Примечание автора: Дурацкие сюжетные зайцы. Ты хочешь выспаться, чтобы с утра сходить на распродажу в хозяйственный магазин, а они закрадываются в твой мозг. Ух.
Примечание переводчика: Эти самые авторские сюжетные зайцы не дают спать и переводчику-любителю где-то в далёкой заснеженной России. Как обычно, я отказываюсь ото всего, кроме своего не очень хорошего английского и словаря.
За беттинг в очередной раз огромное спасибо Anido.
И общее примечание от нас – мы обе рыдали, работая над этим фанфиком, да.
Ссылка на оригинал: White
=================================
Белый
- Что ты помнишь о своём отце?
- Он был холоден, он был расчётлив. Он никогда не говорил, что любит меня, он никогда не говорил, что я ему хотя бы симпатичен.
Он очнулся от равномерного, настойчивого пикающего звука. Спокойный мужской голос произносил его имя размеренно, медленно и ритмично. Сначала он был уверен, что это голос его отца. Но когда он открыл глаза и его разум прояснился, он огляделся и придал значение звукам, окружающим его. Наконец, он заметил незнакомца, стоящего перед ним.
- Тони? Тони, - сказал тот опять. - Тони, меня зовут доктор Харпер. Ты в больнице.
Белые стены. Резкий свет ламп дневного света, висевших под потолком, пробивался сквозь белые прямоугольники плафонов. Белые простыни. Белые медицинские аппараты. Врач одет в белое.

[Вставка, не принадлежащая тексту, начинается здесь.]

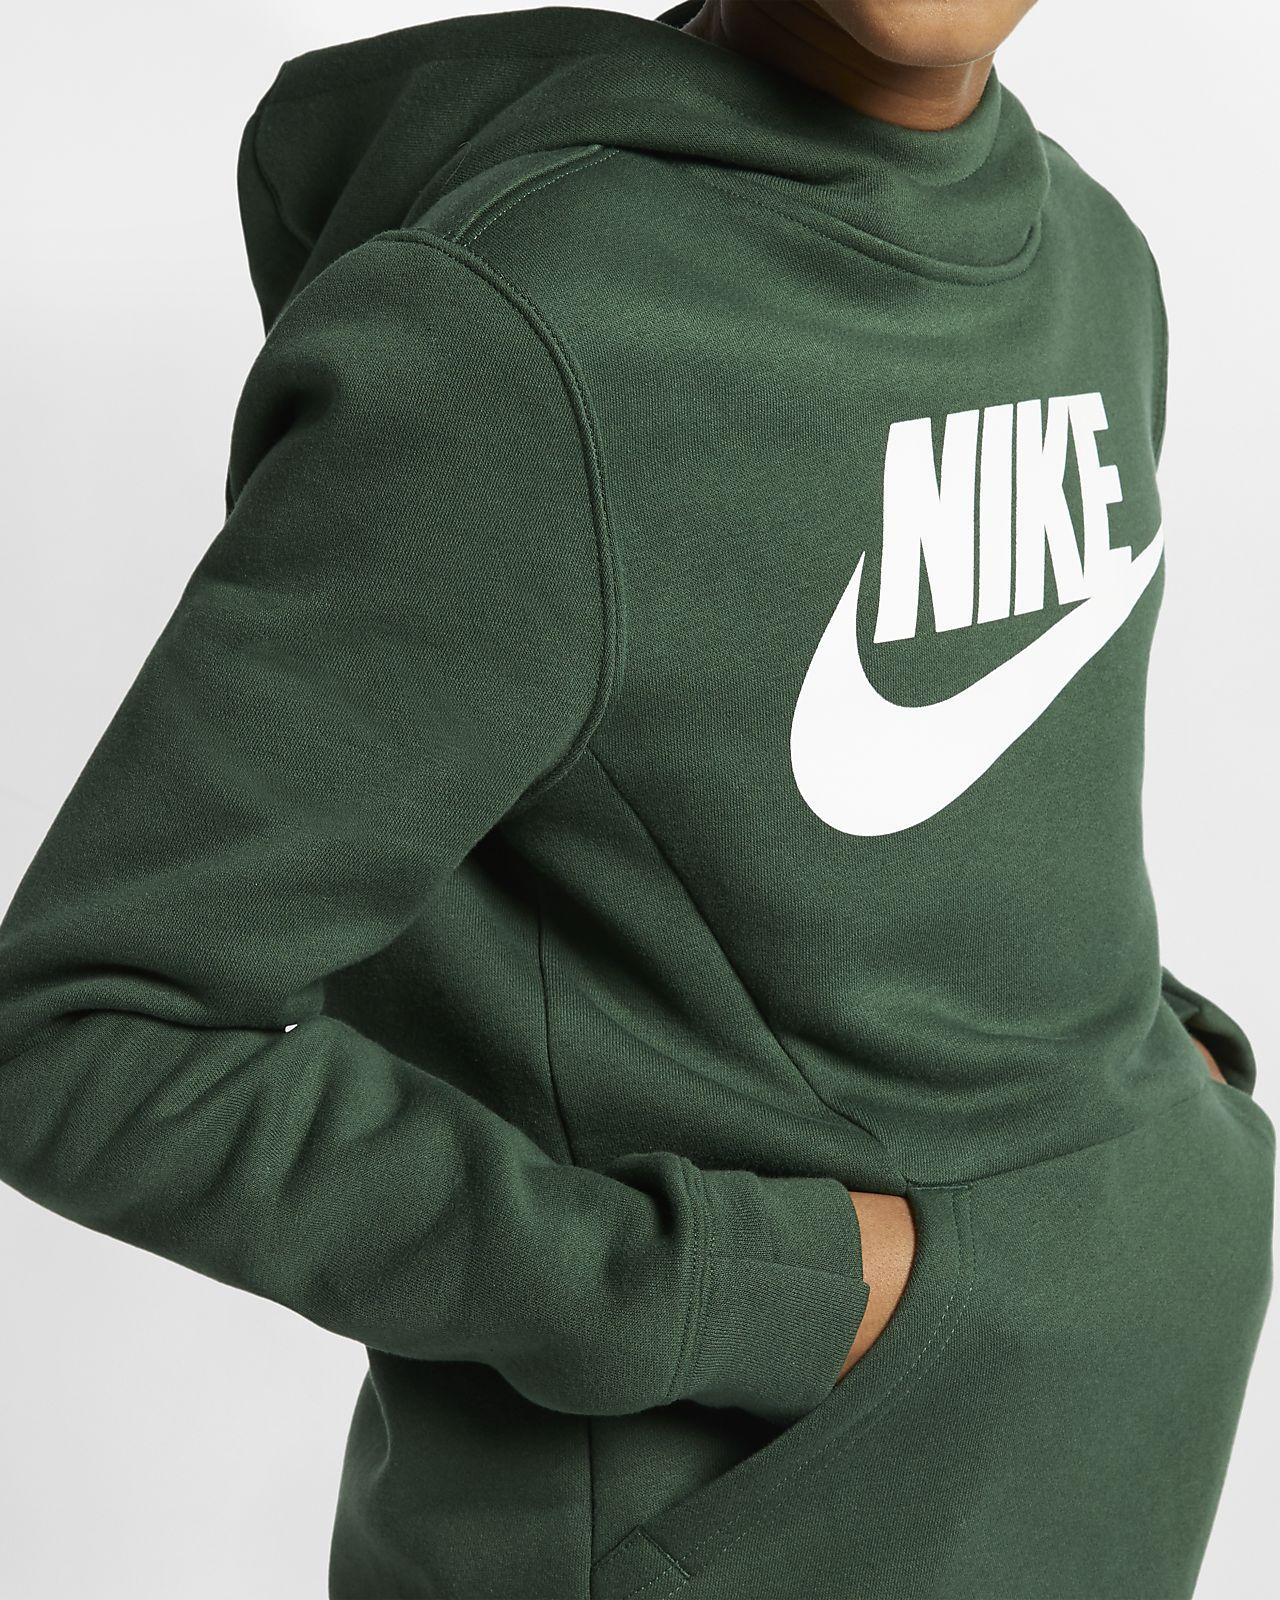 83c59fe79b0d Nike Sportswear Boys  Fleece Pullover Hoodie. Nike.com

- Ты попал в автокатастрофу. Ты помнишь?
Он попытался заговорить, но вздох, вырвавшийся из его рта, был холодным, безжизненным, белым. Он покачал головой.
Врач нахмурился.
- Ты не помнишь абсолютно ничего, из того, что случилось?
Тони ответил непонимающим взглядом.
- Тони, что было последним, что ты запомнил?
Его память в этот вечер была как чистый лист. Чистой и белой, как больничная палата, где он провёл четыре дня. Когда он покидал белую комнату, он решил, что это к лучшему - он не хотел нести груз памяти о смерти своих родителей до конца жизни.
Тони, как обычно, сидел на заднем сидении Роллс Ройса своего отца, позади своей мамы, сидящей на пассажирском сидении. Его отец вёл, лавируя между машин по Манхэттенским дорогам. Солнце ослепительно светило в ветровое стекло, пока не скрылось за двумя небоскрёбами. Тони и его мама разговаривали между собой, решая, какие Рождественские песни она сыграет на завтрашней вечеринке.
- Говард, что бы ты хотел услышать? – спросила его мама с ноткой смеха в голосе.
- Я не знаю, дорогая.
Дорогая. Всегда дорогая, и никак больше. Кличка, как для домашнего питомца, всегда резала Тони слух.
- Ты эксперт, тебе выбирать.
- Ну, ты же тоже там будешь.
Всегда этот весёлый, нежный тон. Он всегда звучит так неподходяще.
- Ты должен выбрать хотя бы две песни, которые тебе нравятся. Ну, давай, скажи мне, я их все зн-…
Последний ослепительный луч заходящего солнца, вновь выглянувшего из-за небоскрёба, отразился от капота машины лишь на мгновение, но именно это мгновение было самым неудачным и пугающим. Он предостерегающе крикнул отцу, но конец фразы утонул в оглушающем и пронзительном скрежете металла.
Столкновение двух машин, тут же сцепившихся друг с другом, звон разбившегося вдребезги стекла, мучительная боль, когда осколки впились ему в лоб.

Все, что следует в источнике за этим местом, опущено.